_PROBLEM TO SOLVE_. Leave the pictures out. Return the rest of the listing below exactly.

_DATA SEGMENT_.
· · ·
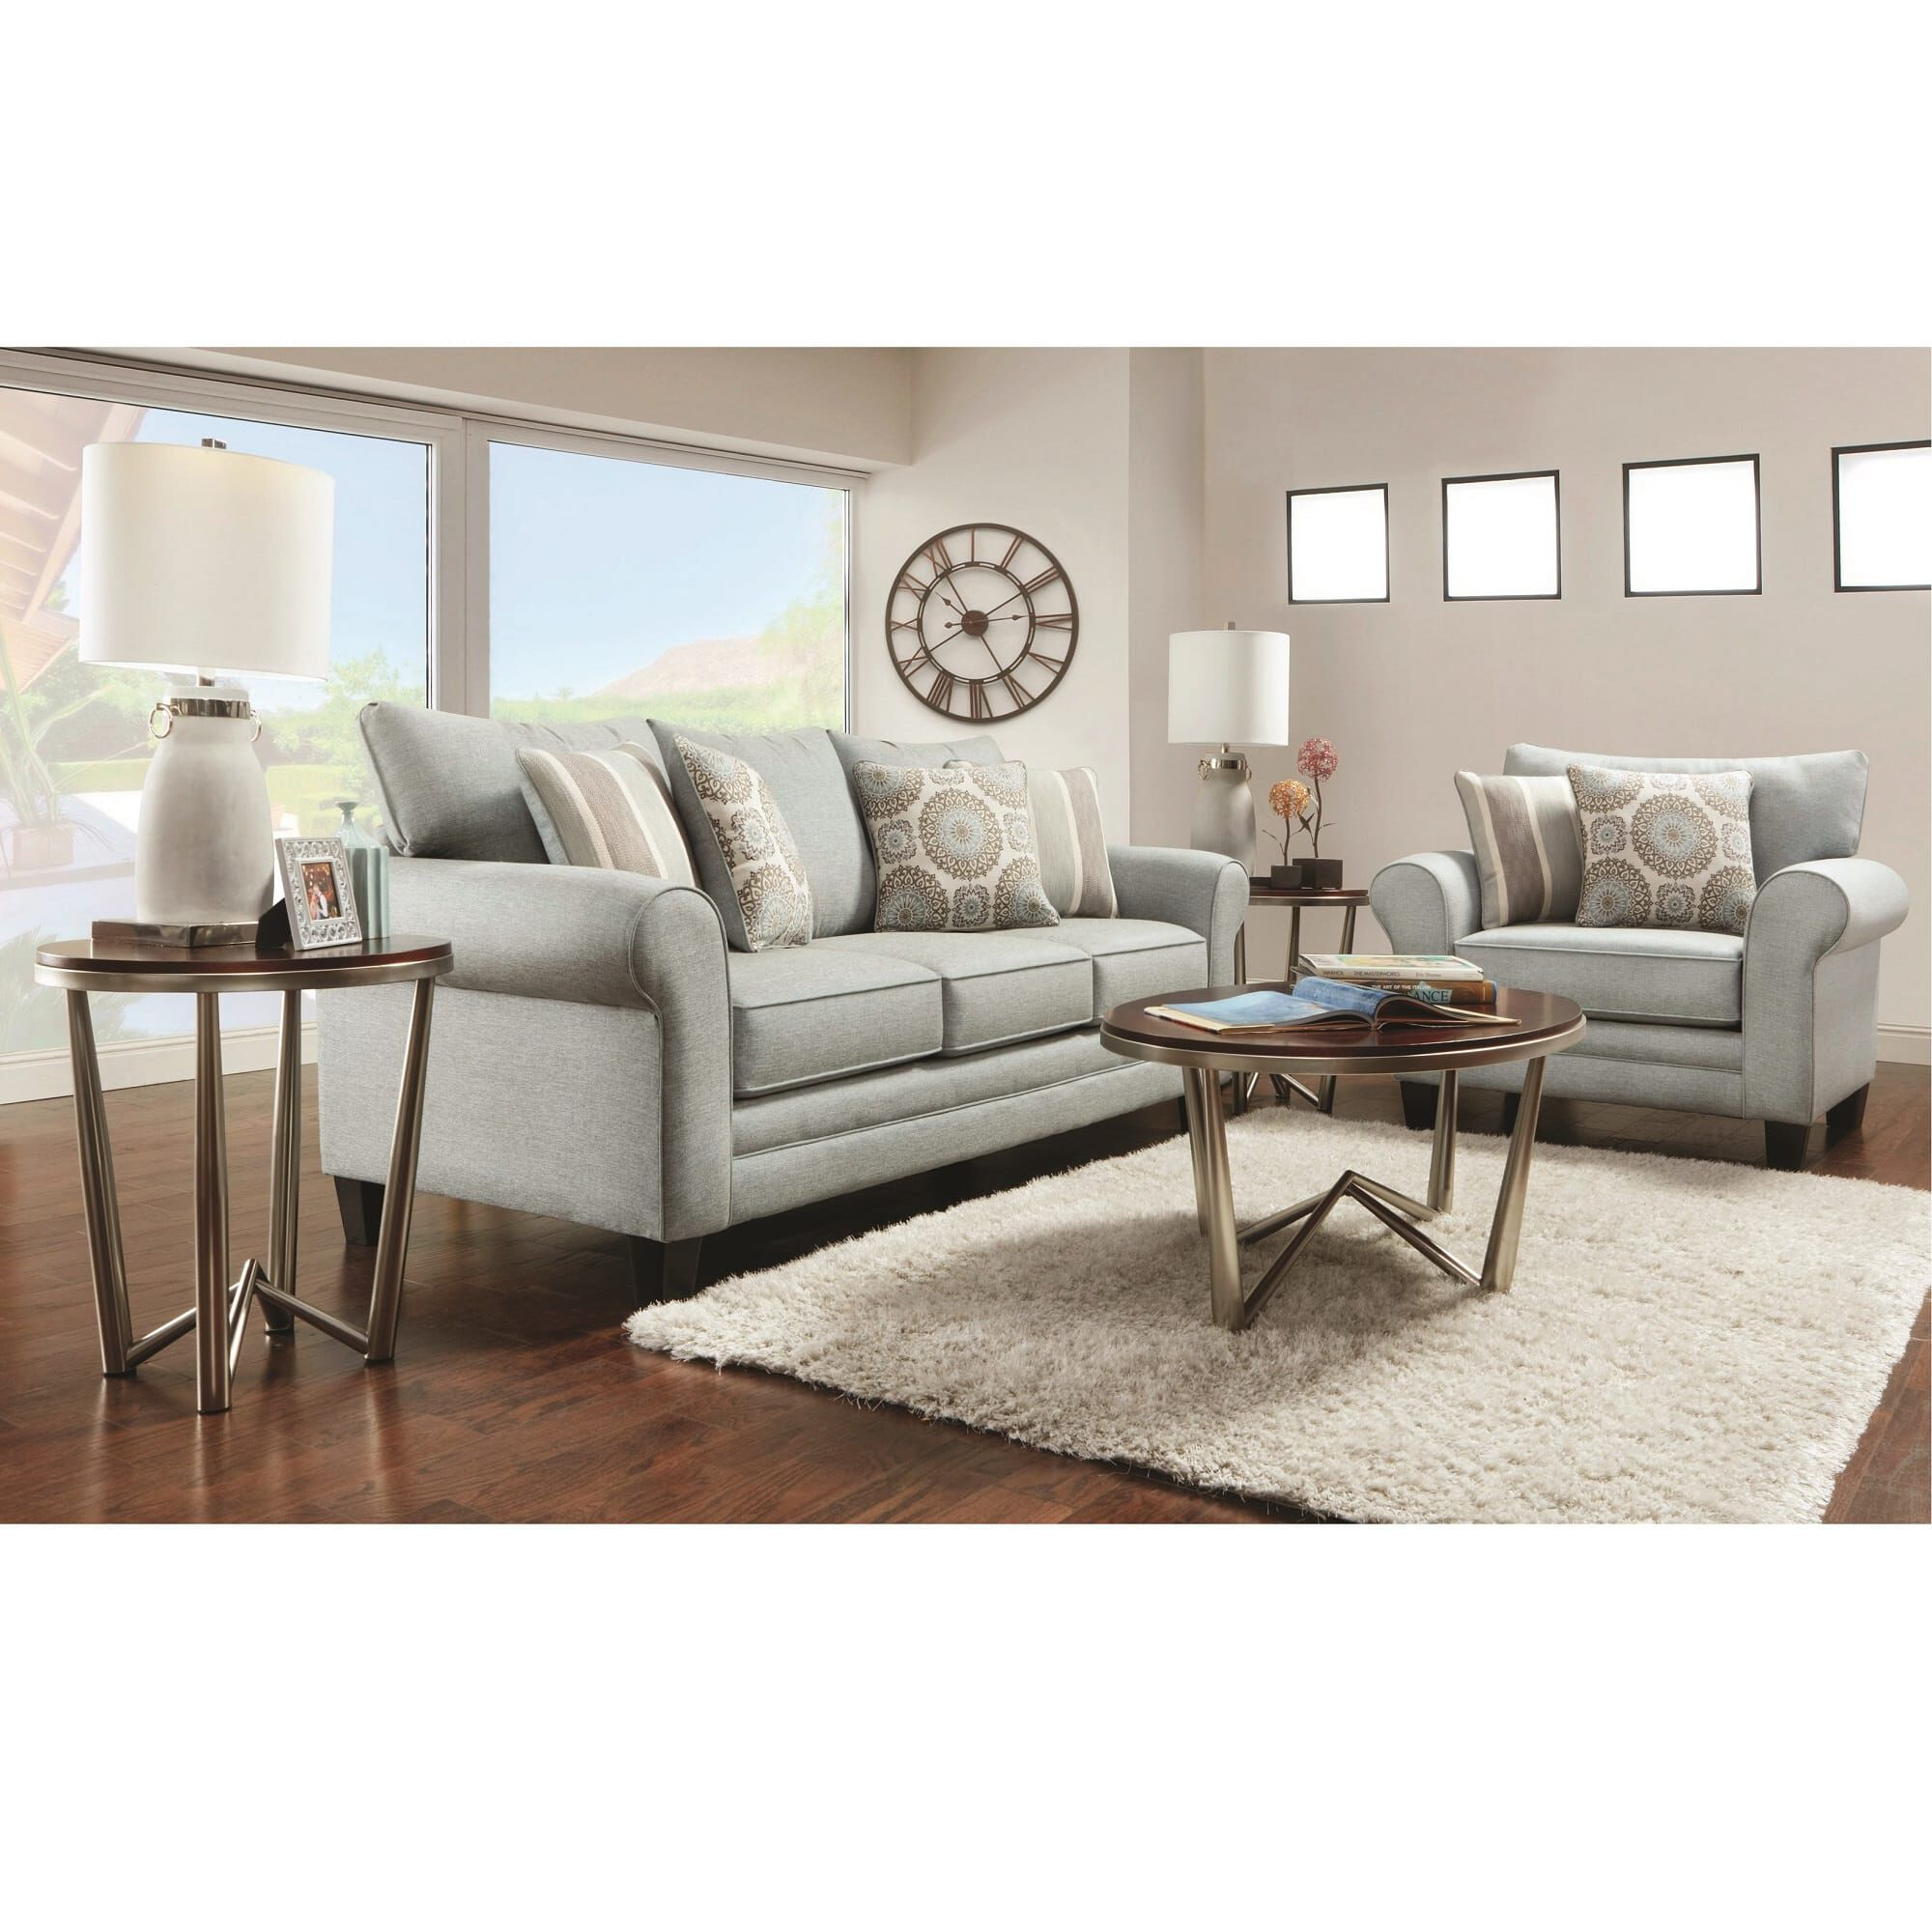 Fusion Furniture Living Room Sets 2Piece Lara Living Room
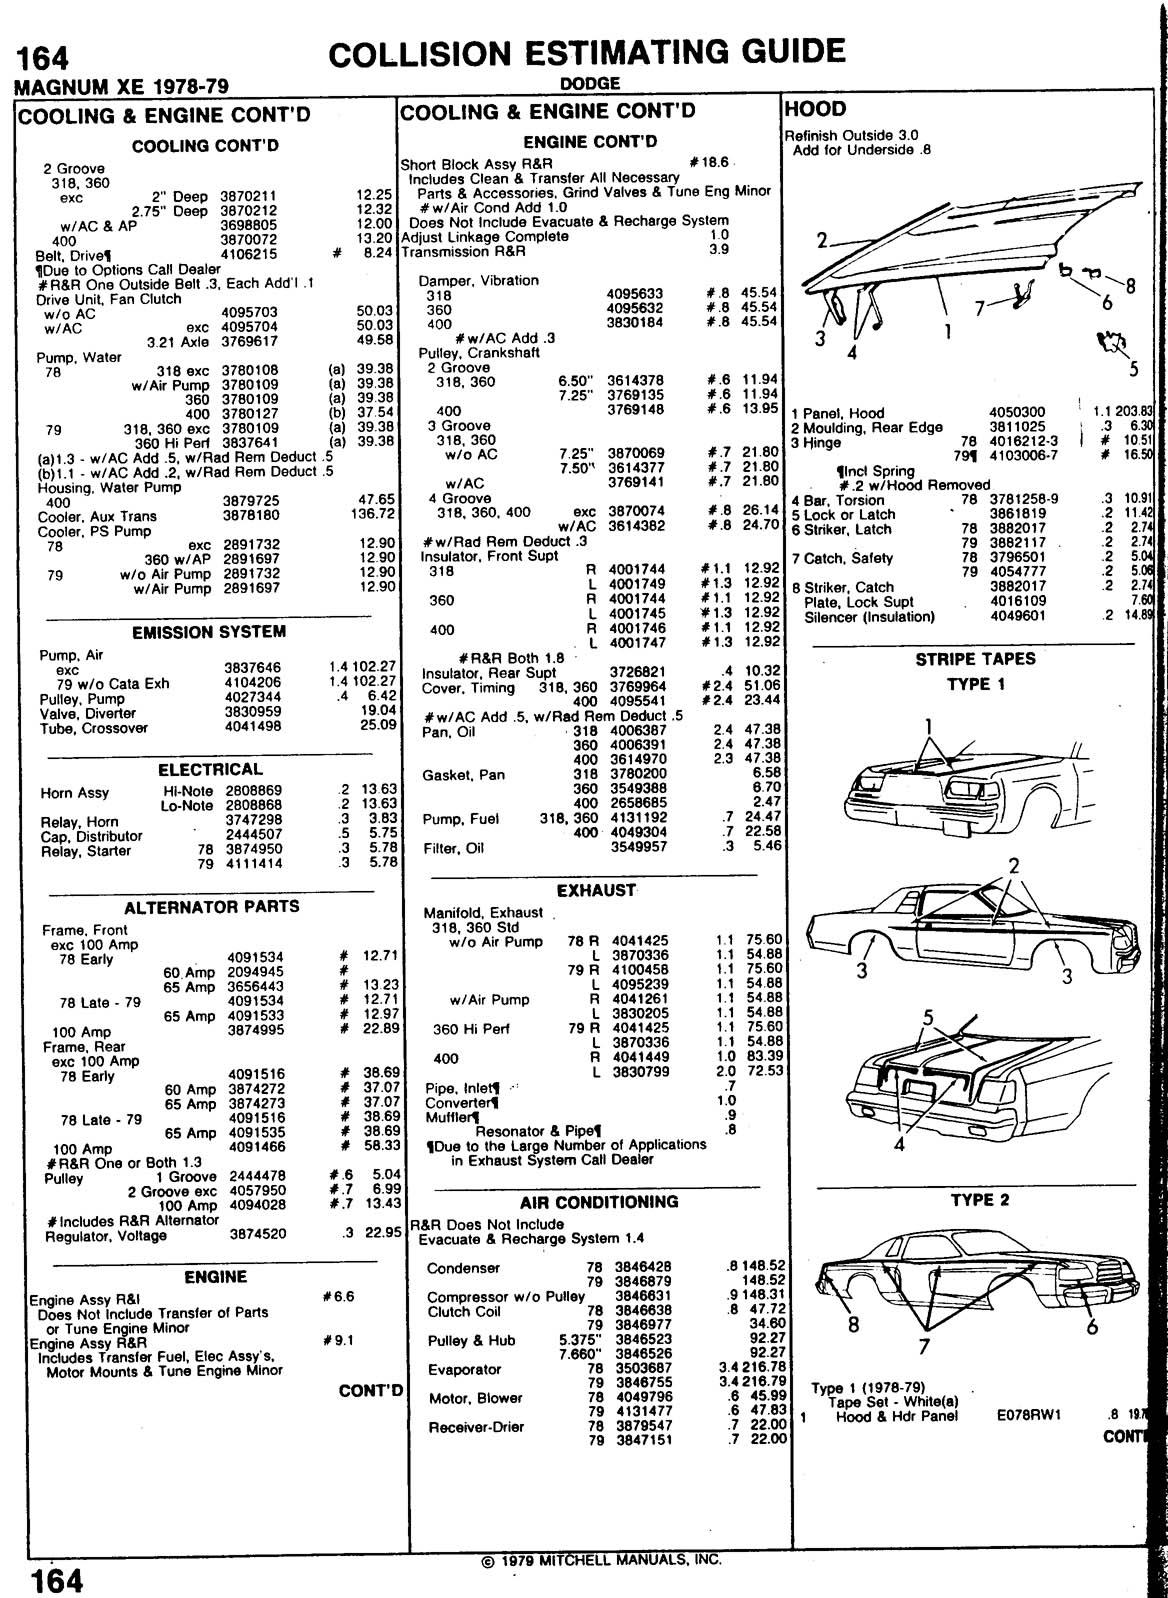 Collision Estimate Sheets
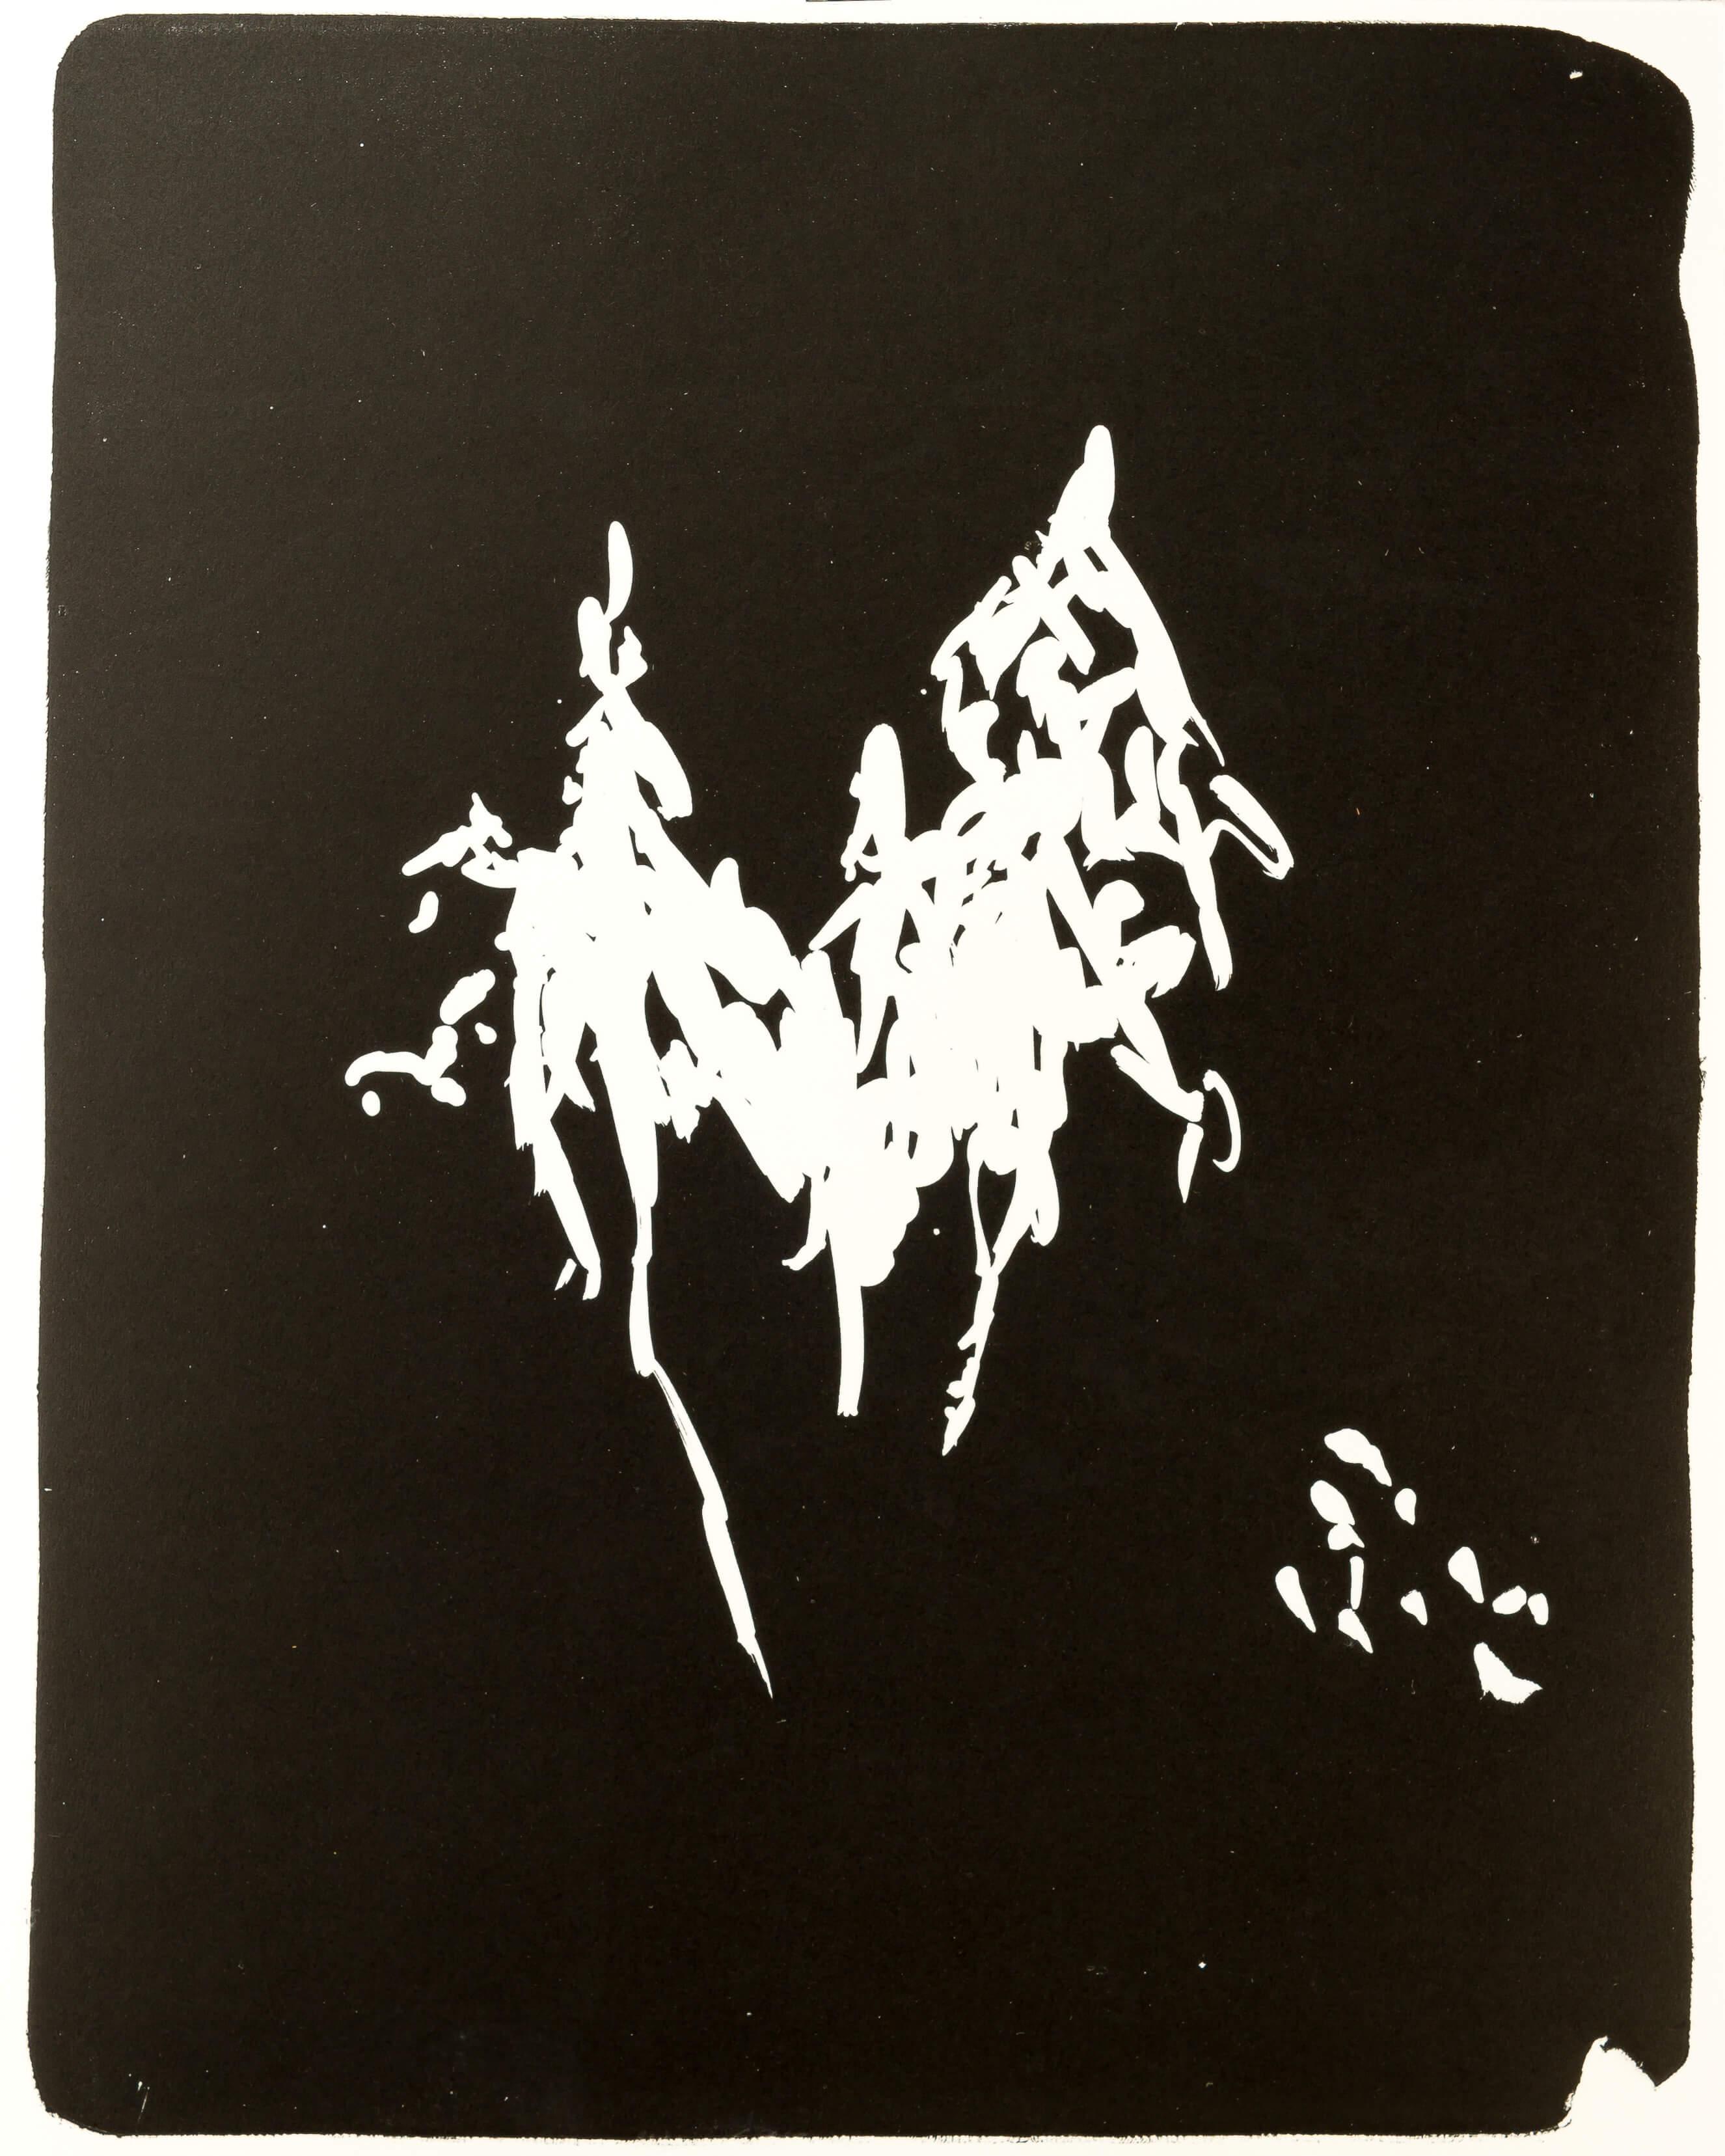 Katharina Albers, Wald X(N)-XV, 2015, Lithographie, Unikat, 50x40 cm
· · ·
_WRITTEN REPLY_.
 Fusion Furniture Living Room Sets 2Piece Lara Living Room
 Collision Estimate Sheets
 Katharina Albers, Wald X(N)-XV, 2015, Lithographie, Unikat, 50x40 cm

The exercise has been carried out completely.